Henrhyd Falls and Nant Llech walk
Discover the tranquil surroundings at Henrhyd Falls as you take this adventurous walk to the highest waterfall in South Wales.
Admire the spectacular falls in full flow
Plunging into the wooded Graig Llech Gorge, Henrhyd is best seen after a heavy downpour; please take care as paths can get very slippery. After visiting the falls take time to meander down the Nant Llech valley admiring the haven for wildlife that surrounds you and passing a disused watermill, the Melin Llech, along the way.
National Trust car park (no charges apply) grid ref: SN853121
Start your walk from the National Trust car park and pass through two gates, following the footpath down the slope to a track junction at the bottom.
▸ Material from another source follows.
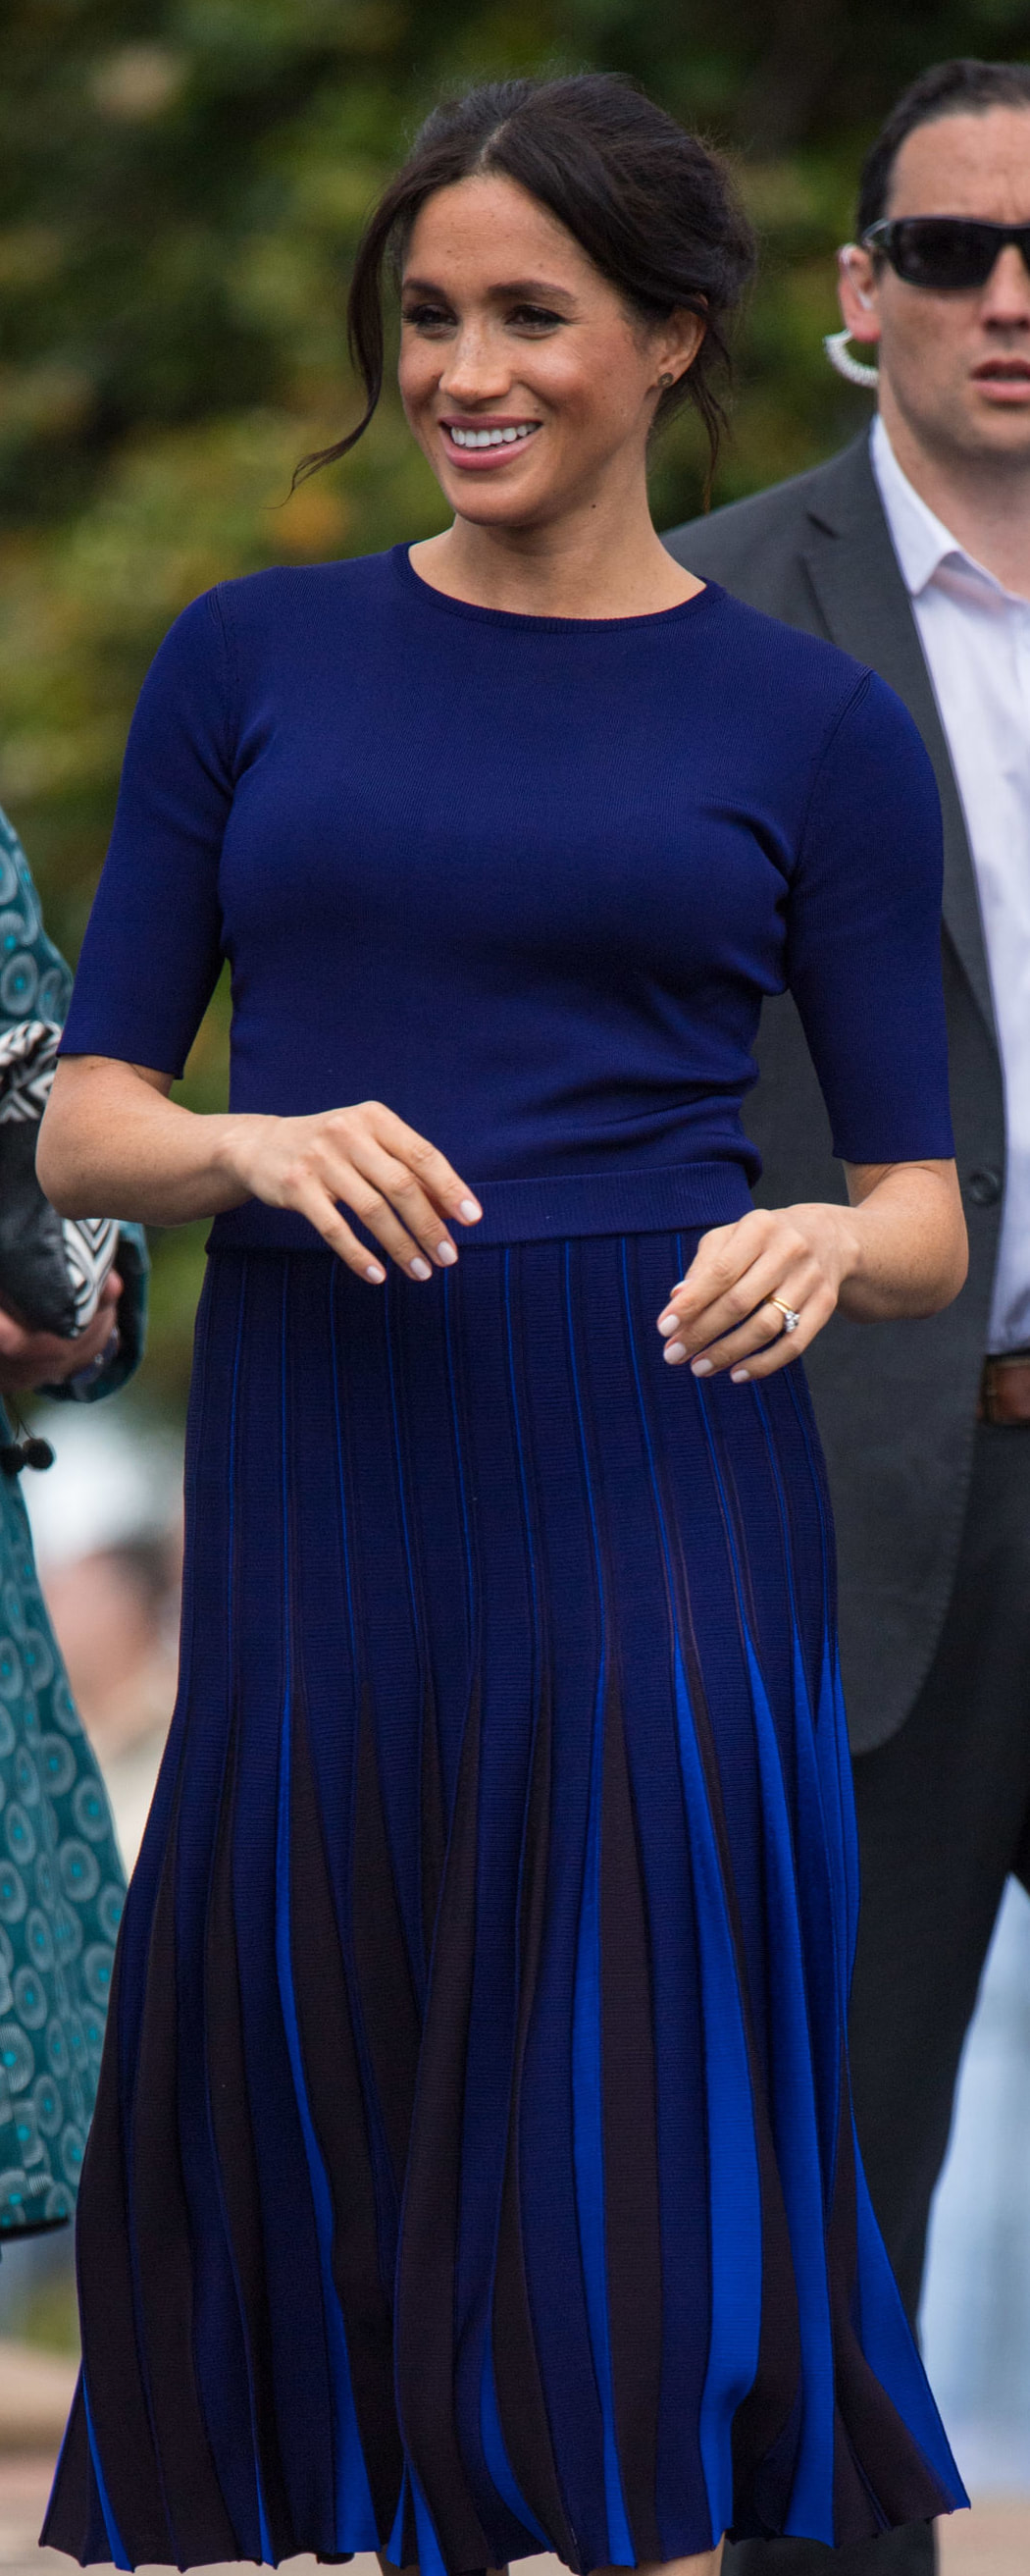 Givenchy Indigo Crew Neck Knit Top as seen on Meghan Markle, the Duchess of Sussex

Turn left and cross the wooden bridge, walking up the steep steps to the footpath at the top. The bridge was built in 1985 and the steps were added in 2001 by our staff and volunteers following a landslide that destroyed the original path. Continue along the footpath to the waterfall. Henrhyd Falls is the highest in South Wales at 90 feet (27m). Take care as the spray from the falls can make the ground slippery. Once you've taken time to enjoy the spectacular waterfall, retrace your steps back across the bridge to the track junction.
Henrhyd Falls plunges into the Graig Llech Gorge, an enclosed and steep sided valley that produces its own micro climate where moss and ferns thrive. Found on the western side of the Brecon Beacons National Park, the nearby village of Coelbren sits on the edge of a coal field – a once abundant industry in South Wales.
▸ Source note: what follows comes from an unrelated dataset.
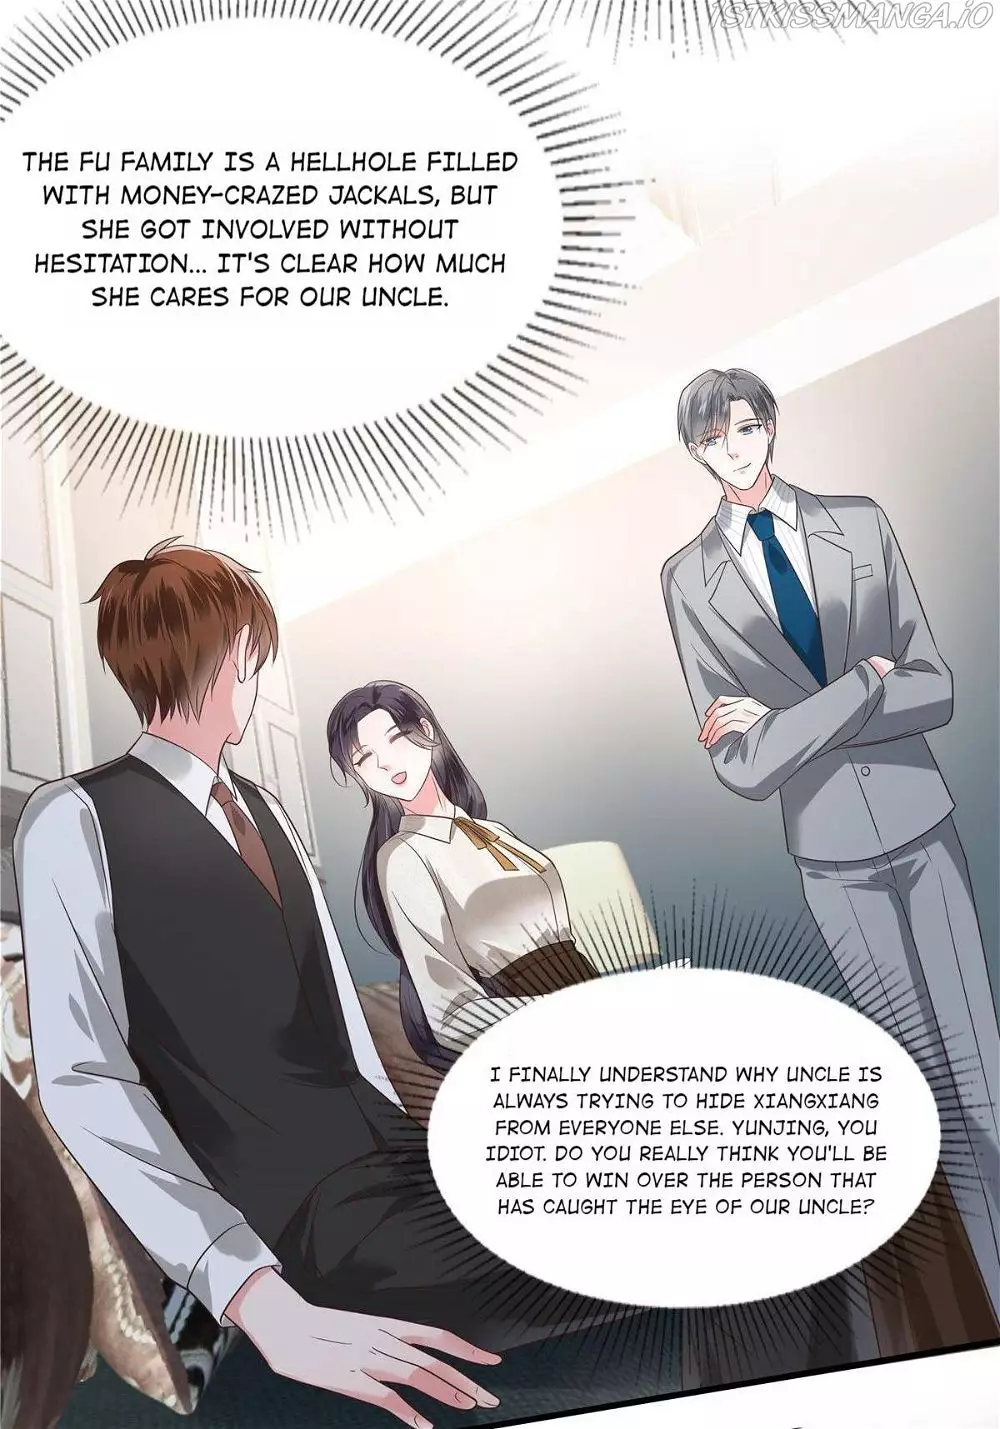 Rebirth Meeting: For You And My Exclusive Lovers - 164 page 7-993a3d91

Go straight ahead, following the footpath with Nant Llech on your left-hand side. The trees that cling to the steep sides of the valley are mainly sessile oak and ash, although you can also find small-leafed lime, alder and wych elm. Keep following the footpath and just after you cross a boardwalk, the smaller waterfall can be seen on your left.
Other falls and cascades
Trout can sometimes be seen trying to jump the smaller fall. The valley is a haven for wildlife where many woodland birds can be heard and seen. Keep your eyes open for dippers or even a kingfisher.
Keep following the footpath until you pass through a gate which marks the end of National Trust land. Then cross a small bridge and continue to follow the path down the valley. After about 15 minutes, you'll reach the site of a large landslide were the path narrows and negotiates its way through the debris.
Continue along this path until you reach the site of the disused watermill - the Melin Llech (these buildings are private property, please do not enter). From Melin Llech, continue past the bridge on the left and follow the track uphill for about 25yd (23m). Join the footpath on your left and continue along this path to a kissing gate and minor road, cross the road and turn right to another kissing gate on your left.
Preserving our special places
A lot of hard work goes into maintaining our special places and Henrhyd is no exception. A team of dedicated National Trust staff and volunteers work on the many footpaths, bridges, styles and gates every year to help keep the countryside accessible for you to enjoy.
Follow the path then the River Tawe, which flows all the way to Swansea and into the Bristol Channel, will come into view. You have now reached the midway point of the walk. Return to the minor road by the path you've just followed. Once there, you can either follow the path that brought you down the Nant Llech valley back to the car park or return along the minor roads via Coelbren.